Foundations of ISA – Base paradigm – Scale ISA global
Iteration 3: Useless concepts
The Object Orientation underlying paradigm is now well established, in particular thru guidelines to follow. Before making our basic set of requirements, having, in other words, built the white list. And before of course begin to explore the ISA's solution space, I would like to make some black list: The list of all the things, of the concepts that ISA does not need, and even more of those that should absolutly be avoided.
This is the purpose of this post: eliminate the useless concepts that pollute the real IT world nowadays.
What is a bag?

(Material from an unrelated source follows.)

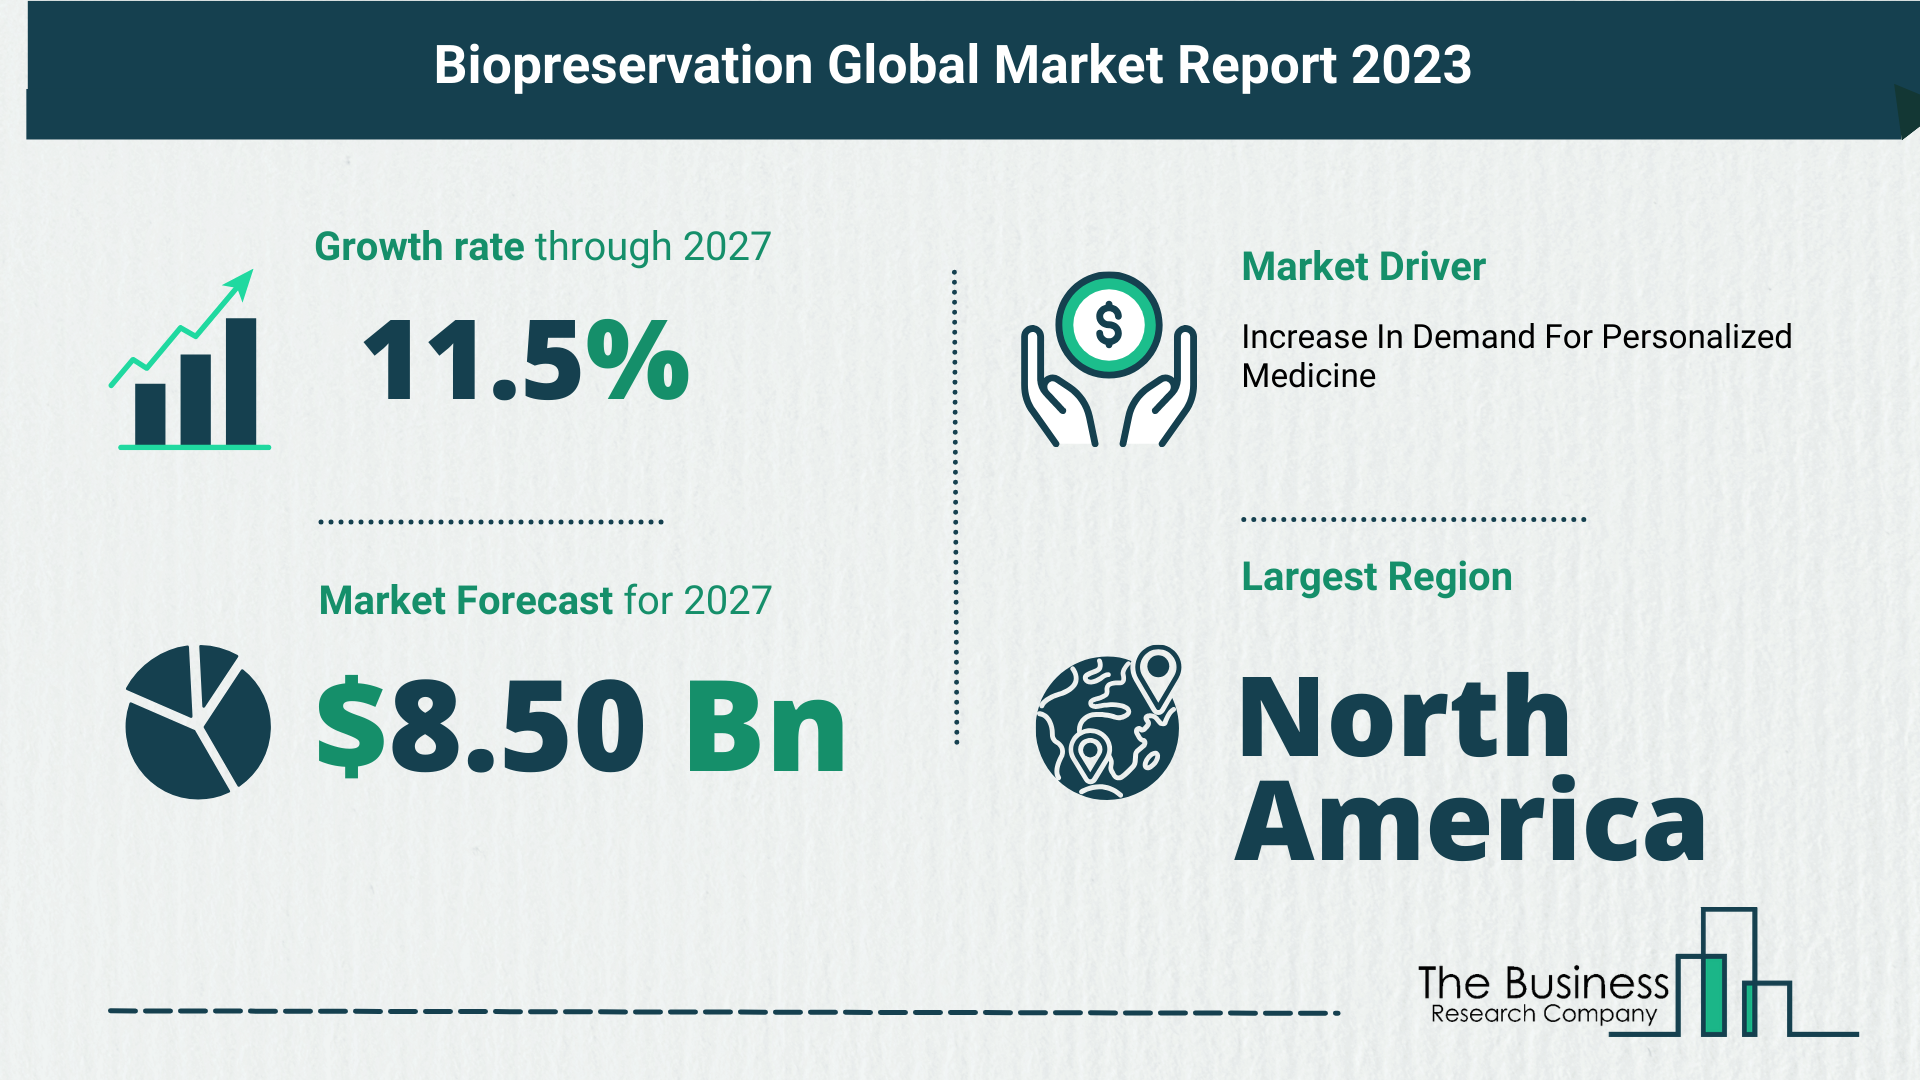 Overview Of The Biopreservation Market 2023: Size, Drivers, And Trends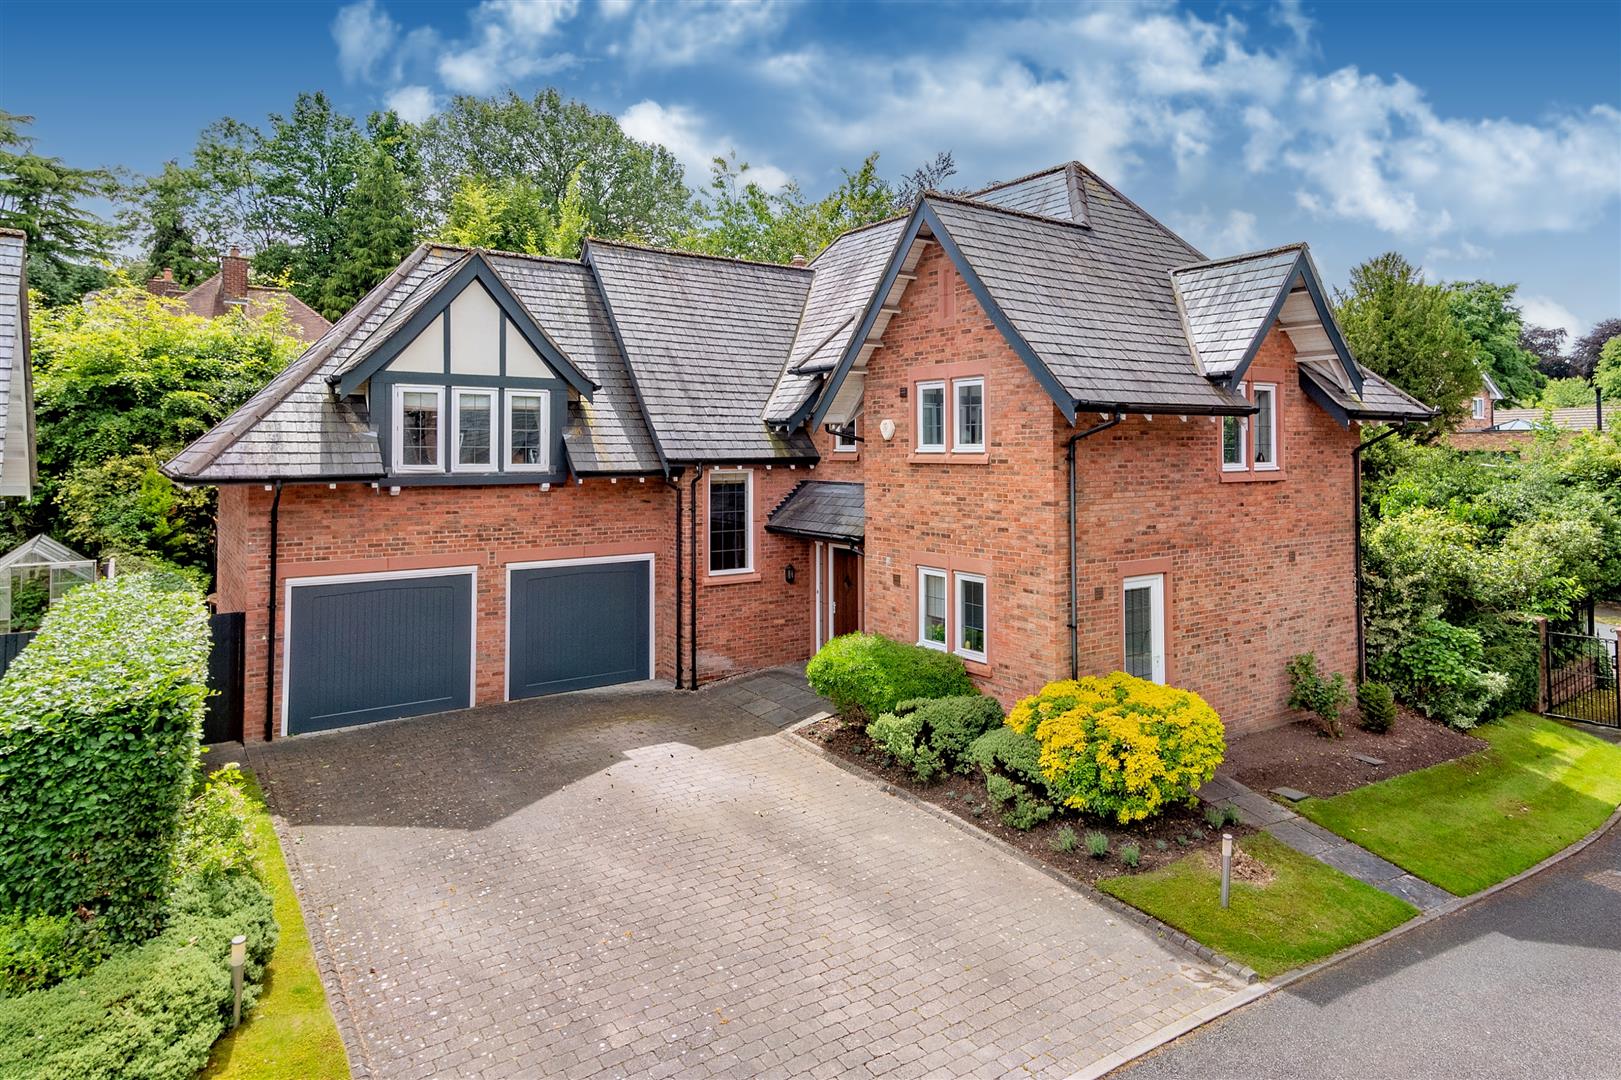 4 bed detached house for sale in Bonville Road, Altrincham - Property Image 1

All the things that are so general that any structure cannot be associated to it.
Why this is wrong in ISA? Because you cannot assume anything on the things you manipulate and that makes the architecture not uniform and predictable. Nothing you can rely, like some basic types and behaviors, like technical representation, the size, the scalability, etc. That's the situation we experiment every days.
To sum up, because it at the opposite to the “everything is an object” approach.
All the things you can assimilate to a bag or a heap must be avoided. Here are some representative examples:
- File and Directory
- Resource (REST)
- Void*
- Socket
- Stream of bytes
- Memory dump
The most basic manipulated thing is an Object. This gives several properties always available, like the features of elementary Classes.
To support generically anything, even an unknown thing, all ISA objects inherit from the Object root class.
The memory dump is a particulary vicious way to access private data. It allows to access the passwords or to their hash code, even when they are not stored. So, having this kind of dumper software as a basic tool of the Operating System should be prohibited. |
This means that there is no file system in ISA.
Therefore, the notion of generic entry point, like a static main function, doesn't make sense in our context.
For similar reason to the rejection of the main function above, the notion of process has to be questioned.
What is a Process?
- A set of instruction to execute (a program) loaded from one executable file.
- An addressable memory space.
- A set of accessible resources.
- A set of attributes (security, priority, etc.).
- The state of processor registers.
Is that an Object? A business Object? A functionality? If yes, its extend goes from a quite small and mono-function one (like a shell command), to ones with a very large scope (like MS Word). This is troublesome.
The Process scope in its whole is not well defined. This is because historically the process comes from the need to manage execution parallelism: the multi-processing was invented to solve this.
Originally, the programs just consist of sequences of instructions for processors. They have nothing to do with Object Orientation. For instance, the access to shared Object (like libraries, peripherals, search engine, user, security features, etc.) is not done in a uniform way.
So, as a file is a bag of data, is a process just a bag for treatments? Or can it be considered to be an Object? It is true that it follows all the oo Axioms. However, it does it in a particular manner. If it is an Object, it is a technical one.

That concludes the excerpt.